According to Hoagland, this effort is in response to “major complaints by providers and carriers,” and is based in part, he says, on an analysis of 48 state and regional measure sets (across 25 states and three regional collaboratives) that found that there was little alignment across measure sets and that most programs modify a portion of their measures, which leads to an even greater lack of alignment.
Specifically, the analysis found that across the 48 measure sets, 1,367 measures were in use, while only 20% of all measures were used by more than one program. Similarly a study of 29 private health plans found that of the 550 distinct measures identified, there was little consistency with the public-program measures. The volume of measures was so great that organizations devoted many resources to gathering them; and many metrics were not associated with the desired patient outcome.
“Simply stated, the move from fee-for-service to alternative payment systems that reward value, not volume, necessitated the development of quality standards,” Hoagland says. “MACRA last year, and the ACA [Affordable Care Act] earlier, clearly has driven this action.”
As the collaborative’s activities mature, how data will be used for reimbursement by public and private payers will become the challenge, says Mack.
“Non-constituent groups will attempt to influence measures created and defined by the collaborative since they will be used to increase or decrease reimbursement,” Mack says. “These non-collaborative members will seek to join the collaborative or influence decision making, especially at the public level, by demanding participation in measure testing and public commentary about applicability to their own constituent organizations and groups.”

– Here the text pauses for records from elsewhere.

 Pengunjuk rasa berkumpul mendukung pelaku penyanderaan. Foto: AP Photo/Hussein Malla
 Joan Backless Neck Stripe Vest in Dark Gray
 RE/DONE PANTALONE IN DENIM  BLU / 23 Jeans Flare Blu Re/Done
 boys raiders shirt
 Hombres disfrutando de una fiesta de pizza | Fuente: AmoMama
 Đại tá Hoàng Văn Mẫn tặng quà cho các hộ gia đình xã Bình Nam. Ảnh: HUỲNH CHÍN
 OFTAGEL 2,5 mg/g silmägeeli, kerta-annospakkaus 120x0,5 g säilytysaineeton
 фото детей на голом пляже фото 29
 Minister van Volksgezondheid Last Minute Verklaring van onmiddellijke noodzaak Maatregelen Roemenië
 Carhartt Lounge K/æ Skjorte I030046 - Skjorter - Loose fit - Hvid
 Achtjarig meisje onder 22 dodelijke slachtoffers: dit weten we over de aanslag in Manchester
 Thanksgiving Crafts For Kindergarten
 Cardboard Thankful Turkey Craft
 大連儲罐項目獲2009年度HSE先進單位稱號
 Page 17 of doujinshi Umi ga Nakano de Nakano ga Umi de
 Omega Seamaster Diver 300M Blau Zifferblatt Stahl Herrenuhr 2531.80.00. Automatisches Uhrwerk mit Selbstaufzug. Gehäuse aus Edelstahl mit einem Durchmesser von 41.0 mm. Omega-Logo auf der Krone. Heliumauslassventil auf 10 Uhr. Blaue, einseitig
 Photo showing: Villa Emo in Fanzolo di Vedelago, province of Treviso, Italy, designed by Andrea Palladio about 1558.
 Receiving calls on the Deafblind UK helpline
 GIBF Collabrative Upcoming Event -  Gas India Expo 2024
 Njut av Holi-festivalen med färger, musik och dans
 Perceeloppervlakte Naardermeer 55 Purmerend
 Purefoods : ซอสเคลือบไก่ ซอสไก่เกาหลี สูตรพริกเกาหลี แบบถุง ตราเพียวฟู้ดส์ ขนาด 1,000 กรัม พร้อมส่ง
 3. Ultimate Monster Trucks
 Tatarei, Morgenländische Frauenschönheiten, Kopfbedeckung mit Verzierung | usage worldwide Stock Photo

The collaborative member constituents “must work with their IT vendors to ensure that the core measure sets are loaded into their electronic health records [EHRs] so that they can begin to capture, measure and improve performance prior to being compelled to do so by public and private payers through increases or decreases to reimbursement,” Mack says.
What remains to be seen is whether the collaboration will provide a process and platform to transition, says Mack. It also remains to be seen how quickly the collaborative will transition from transactional activities-such as defining goals and tasks and working within the existing organizational structures of the constituent members-to standardizing rules and procedures for achieving true transformational change in the structure, culture and delivery of healthcare away from fee for service toward population health.
“Moreover, how will data defined by the collaborative be translated to empower patients with making their own healthcare decisions?” he asks.
Standardization is a good first step, he says, adding that all stakeholders should be proactive in building strong primary care bases (if applicable), in creating integrated health information technology infrastructures that enable them to apply and measure the collaborative’s criteria, and in establishing or improving processes aimed at improving these measures. “Eventually, as the collaborative’s standards mature, reimbursement will shift from fee-for-service to pay for performance and provider payment risk,” he says.